A report from Moody’s Investors Service has suggested that while the increase in interest rates within the last year has been positive for life insurers in Europe, the fast pace of the increase means that a majority of insurers are now sitting on significant unrealized losses in their fixed income portfolios.
In the report, Moody’s states that it does not expect these losses to be realized, because insurers have a relatively illiquid liability profile, and practice sound asset liability management (ALM), therefore they are generally able to hold their investments to maturity, by which time losses will have likely been reversed.
Moreover, mass lapses – where a high proportion of policyholders cash in their savings policies before maturity – are said to be a tail risk for the industry, although there are few precedents of a “run on the insurer”.
Moody’s suggests that this would require early liquidation of assets, crystallizing losses.
The report reads: “Mass lapses could be triggered by reputational issues affecting a specific insurer or the broader sub-sector, or by increased competition from non-insurance products offering higher rates of return. We assess both risks as low for the moment in Europe.”
Furthermore, Moody’s cites that the in the unlikely event of mass surrenders, French and Italian insurers would be the most exposed, which is largely due to their focus on saving products, which are relatively easier to surrender in both countries.
However, while many jurisdictions impose steep surrender penalties and market value adjustments on policyholders that liquidate their contracts before maturity, these penalties are low or non-existent after a few years in France and in Italy.

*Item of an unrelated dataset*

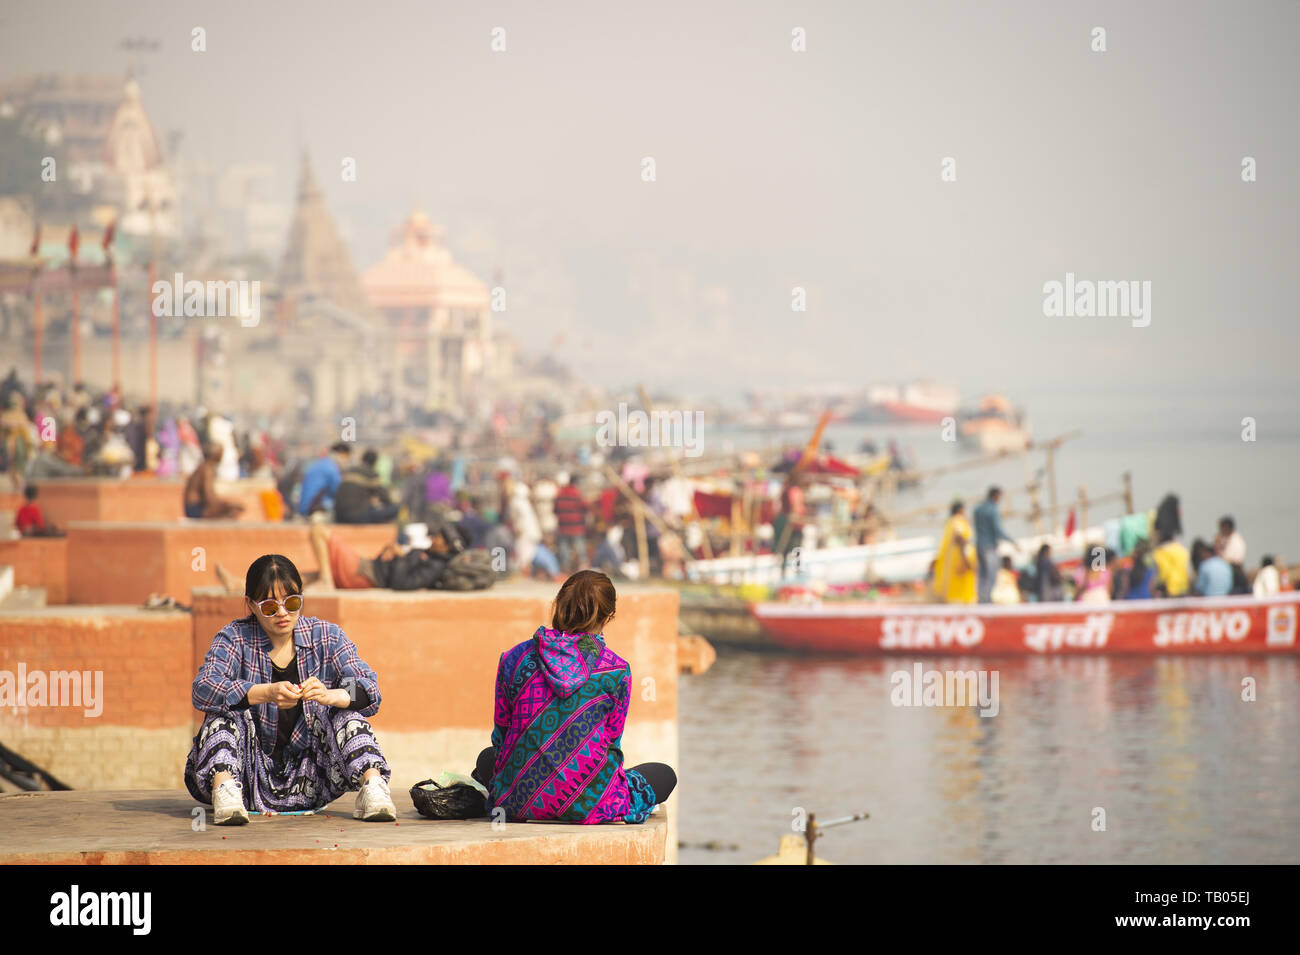 Zwei chinesische Touristen sitzen auf einer Ghat in Varanasi. Manikarnika Ghat (brennende Ghat) im Hintergrund. Varanasi, Indien. Stockfoto
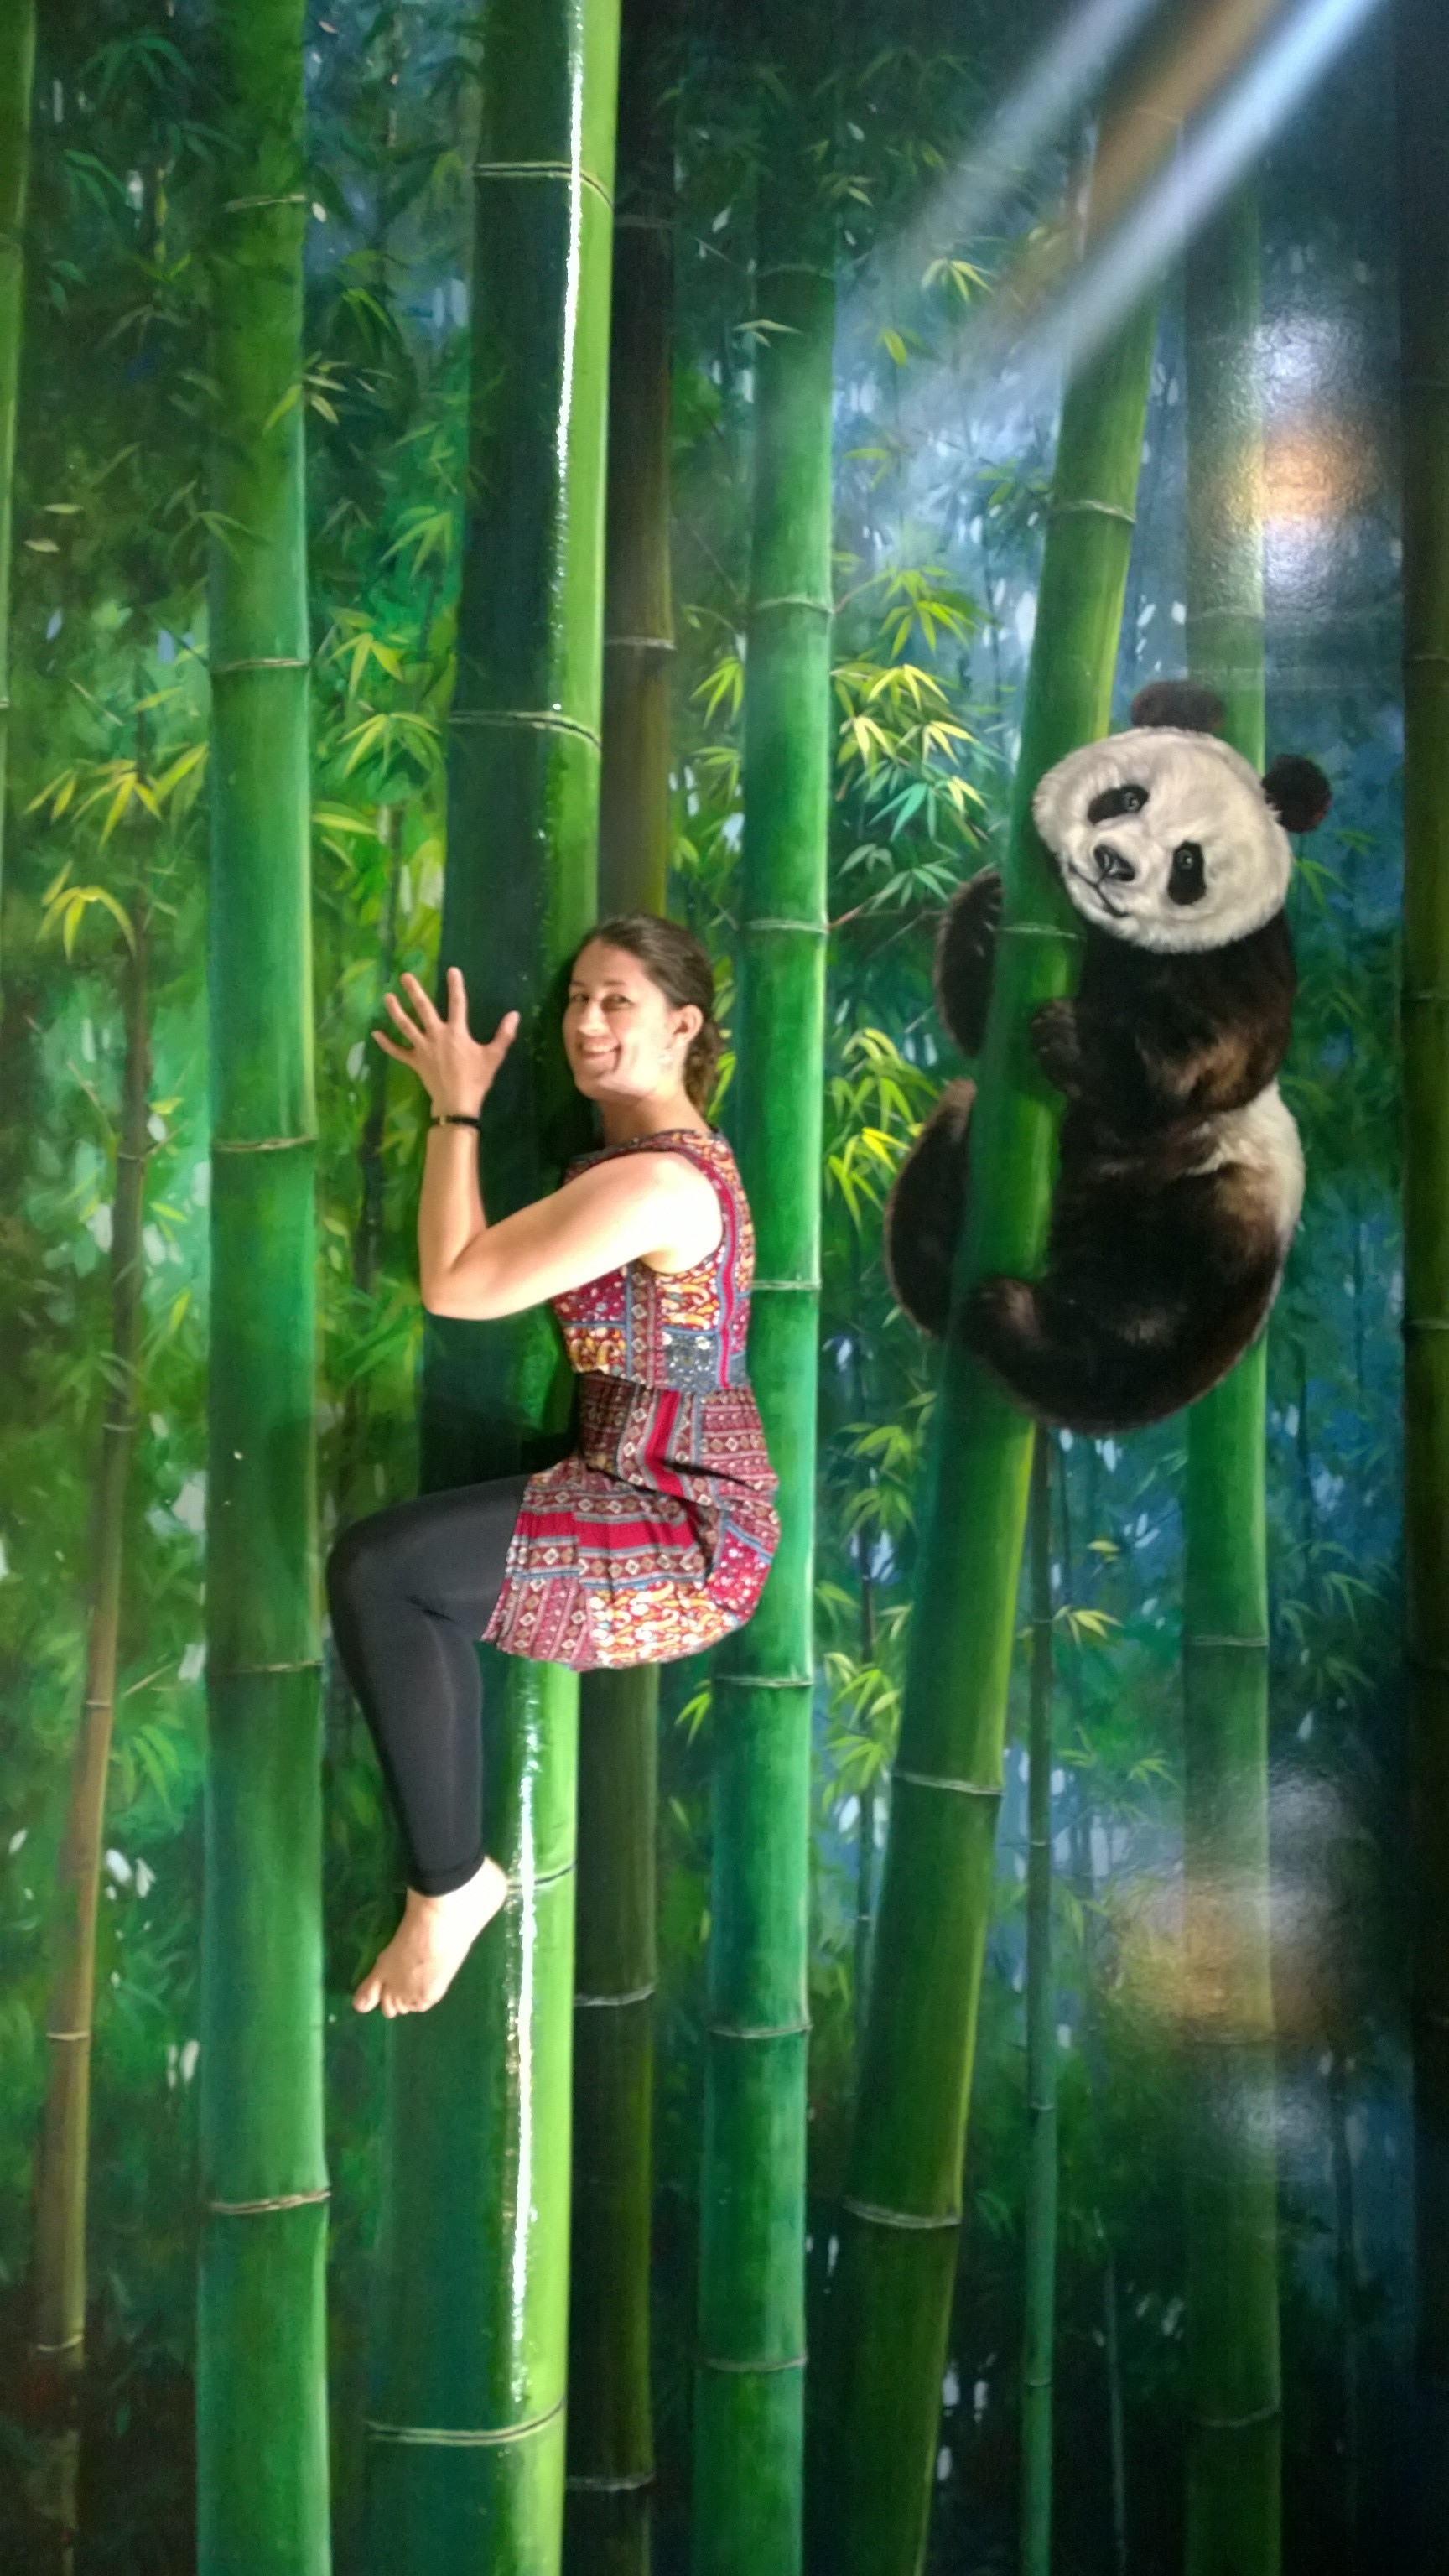 3D art museum Langkawi- pandas and bamboo

Meanwhile, the report adds that UK insurers write high volumes of annuities, which cannot be surrendered. In addition, some UK insurers with profit savings policies allow for market value adjustments and the forfeiture of terminal bonuses on early surrender.
Lastly, Moody’s addressed how higher rates have pushed many interest rate hedges out of the money, triggering collateral calls, with insurers in the UK and Netherlands feeling the effects the most.